As part of the national resistance effort, from major industrial factories through to small car workshops, many Ukrainian companies are adapting sites and refocusing staff in order to repair and repurpose military equipment captured from Russian forces.

‘To fight, the country has to work, everyone in their place,’ said defence minister Oleksii Reznikov. ‘Then, finally, the enemy will be killed by their [own] weapons.’

Yesterday, state-owned defence firm Ukroboronprom claimed to have ‘mastered the repair of Russian trophy equipment’ with factories now working ‘around the clock’ to get anti-aircraft missile systems and multiple rocket launchers back onto the battlefield. It is also offering a $1million reward for any aircraft it receives.

In cities such as Kyiv and Zhytomyr, mounted machine guns have been stripped from damaged armoured vehicles and handed to car repair shops for conversion into mobile weaponry that can be used by Ukrainian infantry troops.

‘We will remake the weapons so the barrels will be directed at the enemy’s side, not ours,’ said Oleksandr Fedchecnko, a garage owner in the capital.
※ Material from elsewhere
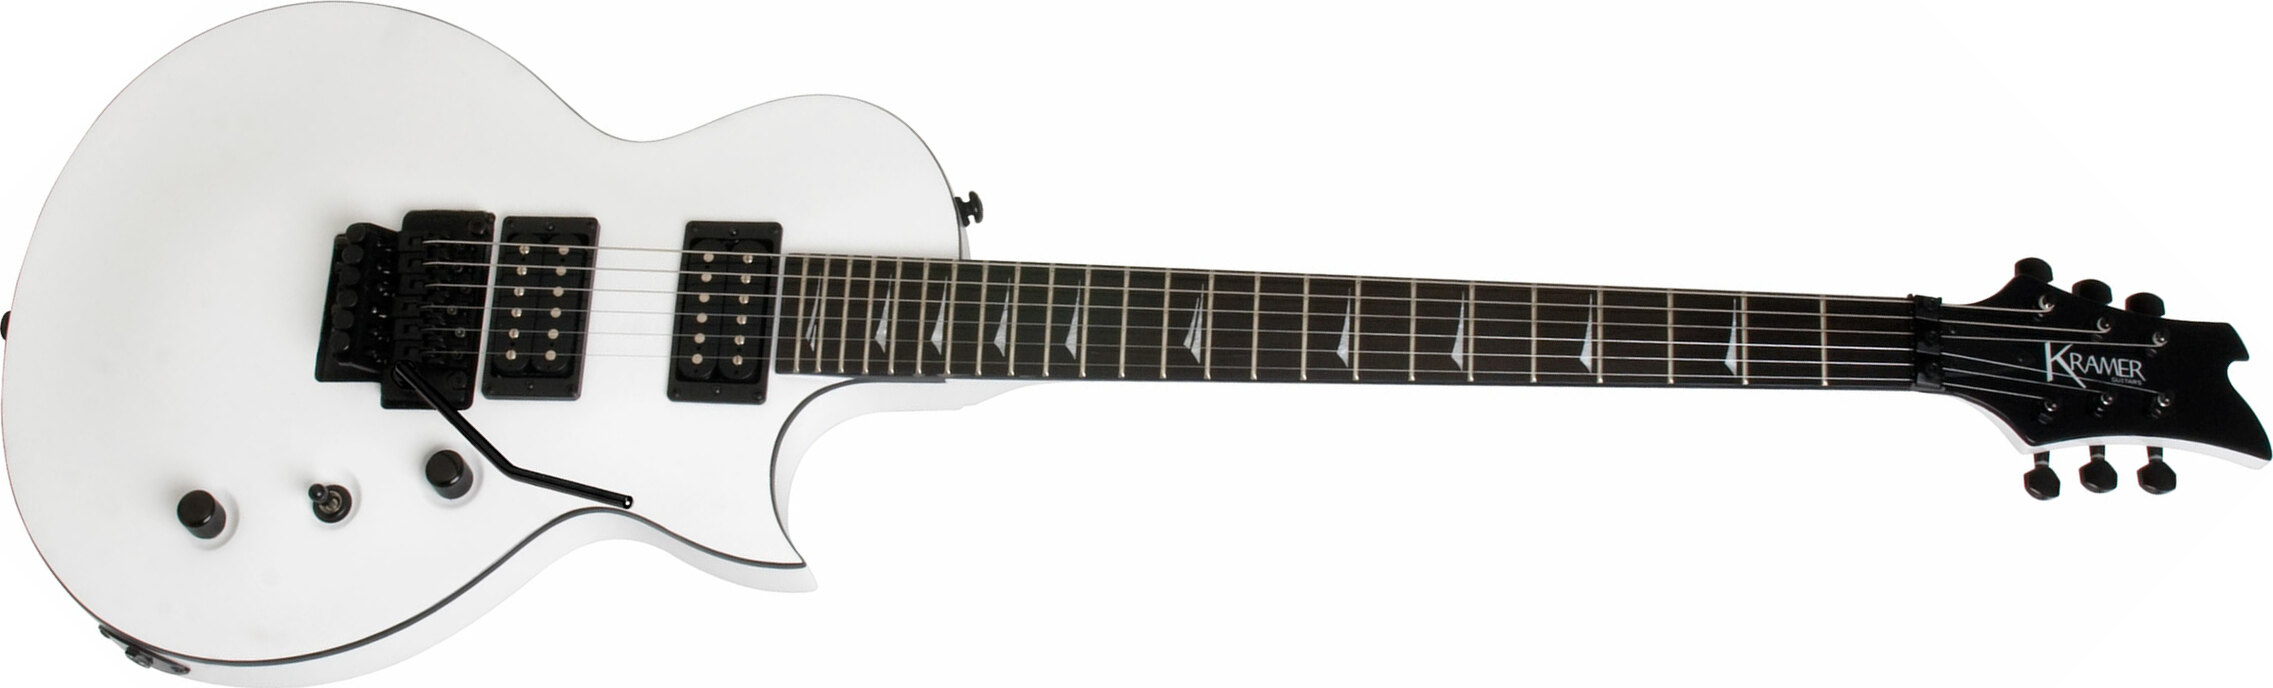 Kramer Assault 220 2h Fr Rw - Alpine White - Enkel gesneden elektrische gitaar - Main picture

A special unit of the territorial defence force is also repairing captured equipment in a Kyiv junkyard, painting the Ukrainian flag over Russian insignia.

Yuri Golodov, the unit’s deputy commander, claims to have been responsible for 24 Uragan missiles fired back at Russian forces. ‘Everything that we take away from the Russian army, we transfer to the armed forces of Ukraine,’ he says.

Such ‘battlefield scavenging’ has long been a feature of wars. In both the Second World War and Falklands War, British soldiers turned captured heavy machine guns on the enemy. More recently, Islamic State captured substantial quantities of US-made equipment after the 2014 fall of Iraq’s second-largest city, Mosul.

Ben Barry, senior fellow for land warfare at the International Institute for Strategic Studies, said: ‘The Ukrainian military seems to be celebrating their success at being able to seize armoured vehicles and rapidly press them back into service.’

Barry, a former British army brigadier, says such tactics are common when troops in combat use the same equipment. Although Russia has spent heavily to modernise its military under Putin, both sides often still rely on Soviet-era equipment. Captured artillery and military vehicles can also be cannibalised for spare parts and ammunition, relieving pressure on hard-pressed supply chains.

Ukrainians have also taken great delight in sharing videos of farmers towing away Russian tanks.

Last week, meanwhile, it emerged that retreating Russian forces from Kyiv’s outskirts failed to destroy a Krasukha-4 command module, which can jam drones and low-orbit satellites as well as track Nato aircraft. Reports said it would be flown to the US for examination.